Cases for, against slots not sure bets

October 19, 2007|By JEAN MARBELLA

From the slack-jawed, dull-eyed faces of the mesmerized players around you, to the smell of old cigarettes and spilled drinks, to the grimy plastic coin cups, is there any more joyless experience than playing slots?

I don't get it. Just for the heck of it, and the fact that you don't have to have any knowledge of poker, blackjack or the other table games, I've played some machines here and there when I come across them -- in the jangly, hyper-stimulated gambling palaces of Las Vegas and Atlantic City, and in a small and oddly subdued Indian casino in the middle of Nowhere, North Dakota. The appeal of shoving money into a machine and cranking the arm over and over again just escapes me, so I usually quit after losing sums in, oh, the low two figures.

Obviously, I'm in the minority -- slots increasingly have proved irresistible to gamblers and state officials alike. They're no longer novelties confined to a couple of states, with nearly 40 states having some kind of legal electronic gaming devices and with Maryland, once again, considering joining the neon-flashing, coin-clanging rush. During the coming special legislative session that he has called for this month, Gov. Martin O'Malley will push for legalized slots to help balance the state budget.

They can make the machines flash and bleep and clang as much as they want, and yet there's something just depressing about slots. There's no skill, no thought, no imagination involved -- and that goes not just for playing them, but for how states have come to rely on them as a cash cow, sweetening the harder-to-swallow tax increases and budget cuts..

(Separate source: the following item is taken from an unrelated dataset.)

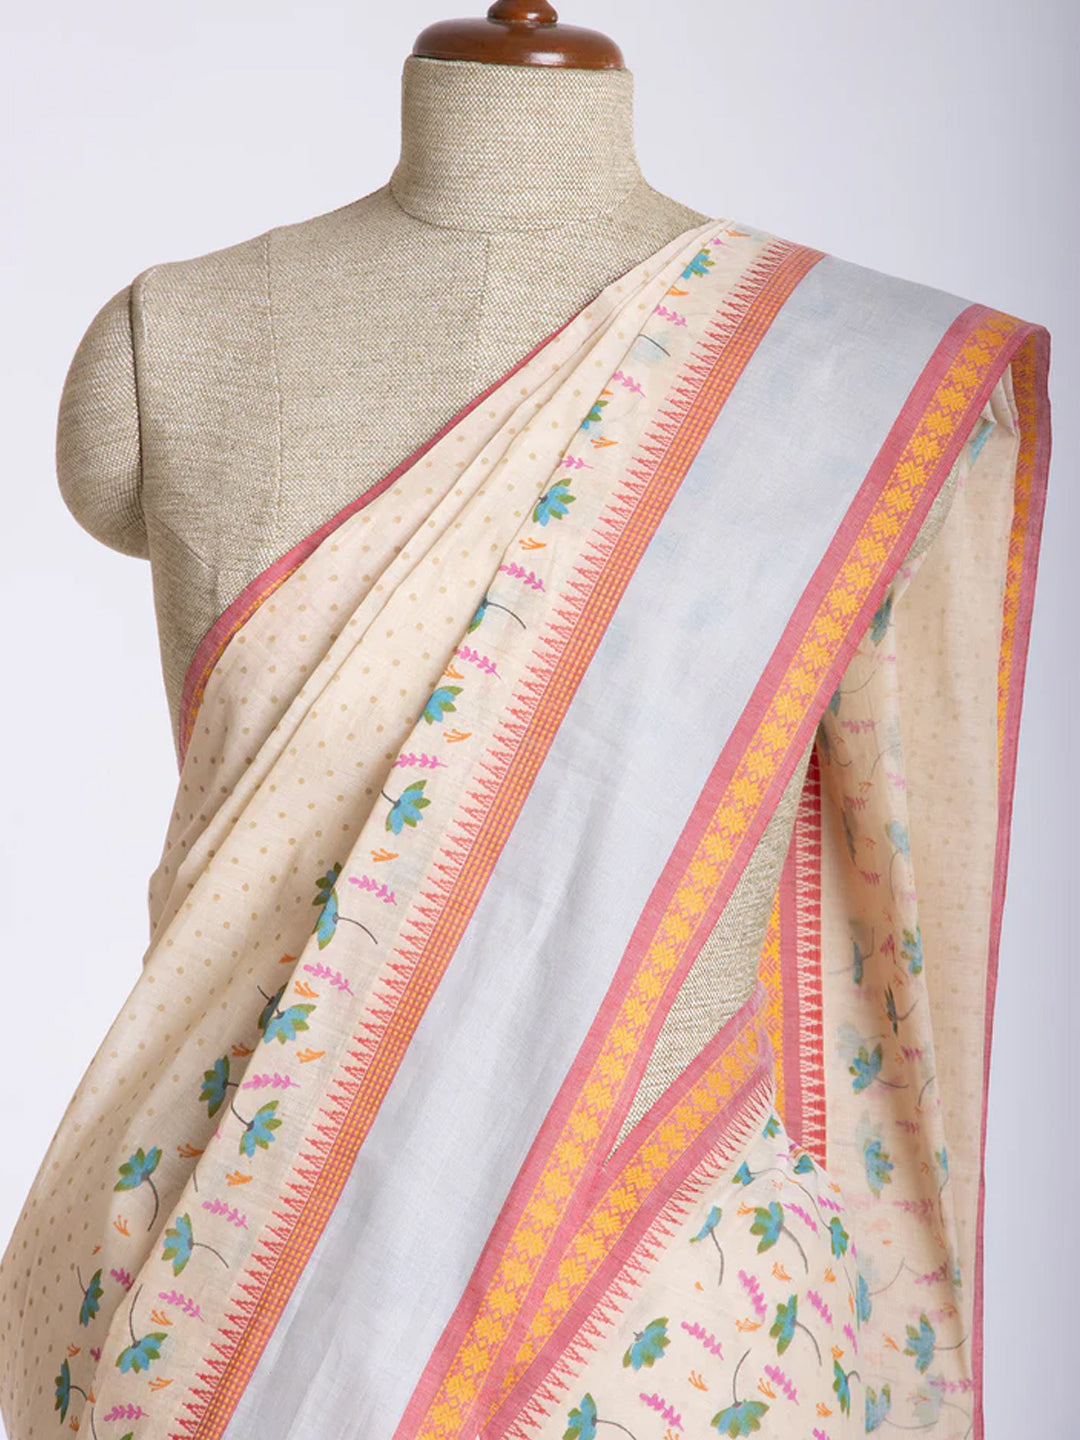 Womens Elegant Semi Cotton Off White With Flowered Design All over Printed Saree SCS63

I'll be curious to see what comes out of this special session, as well as the regular one that starts in January -- and whether legislators will be able to make the tough, skillful and, yes, imaginative solutions to the state's budget problems. Will they opt for the easy fixes -- tax cigarettes; who will defend smokers, after all? -- or will there be some real, systemic solutions on how to raise the necessary revenues?

As you can tell, I'm not much of a gambler, so I guess I won't be holding my breath.

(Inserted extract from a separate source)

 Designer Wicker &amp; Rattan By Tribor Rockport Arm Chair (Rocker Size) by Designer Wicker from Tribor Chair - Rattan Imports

I decided to see what some experts had to say. I dropped in on a Gamblers Anonymous meeting yesterday, one of a number held around the state on any given day for addicts seeking support for their recovery efforts.

It probably stacks the deck to seek out a crowd like this -- you think compulsive gamblers welcome another temptation even as they're struggling to resist the ones that already exist? -- but surprisingly, a range of opinions on the subject emerged in the church basement where the meeting was held. And, because of who was sitting around the table, they were particularly hard-won opinions.

Among those attending, for example, was someone who within days of retirement gambled away his pension; another ran through the insurance payout from a loved one's death, and even a child's trust fund. Yet another checked into a monthlong gambling-addiction program but first placed several weeks worth of bets in the office football pool to cover the games that would be played during that time. Houses, jobs and families were lost; prison terms were served.

A couple of them feared the introduction of slots, saying they would only draw more people into the kind of morass that they've fallen into. Another said the current illegality of the machines is the appeal, so maybe legalizing them would remove the thrill.

Even in this room, the same argument for slots that has proved convincing to others -- the fact that Marylanders are already spending hundreds of millions of dollars playing slot machines in other states -- had some validity. Well, not entirely: One man noted that the lottery was supposed to go toward improving education, and yet today -- when we have Pick 3, Pick 4, Match 5, Mega-This, Power-That -- many schools are still in bad shape and still in need of more money.

So now we turn to slots, again, despite their being defeated repeatedly in the past. Maybe it's inevitable -- at a time when you can grab a bus to West Virginia or Delaware to hit the machines there, or play casino games online, or buy a lottery ticket just about anywhere -- maybe slots are on their way here and the only question is when.

And how: Maybe there's a way to get the payoff of slots without the accompanying problems. Maybe even if slots are the least imaginative way to generate revenue, there still is room for smart and creative thinking on how to truly solve the state's structural deficit, other than relying on the big, easy, clanging payoff. Wanna bet?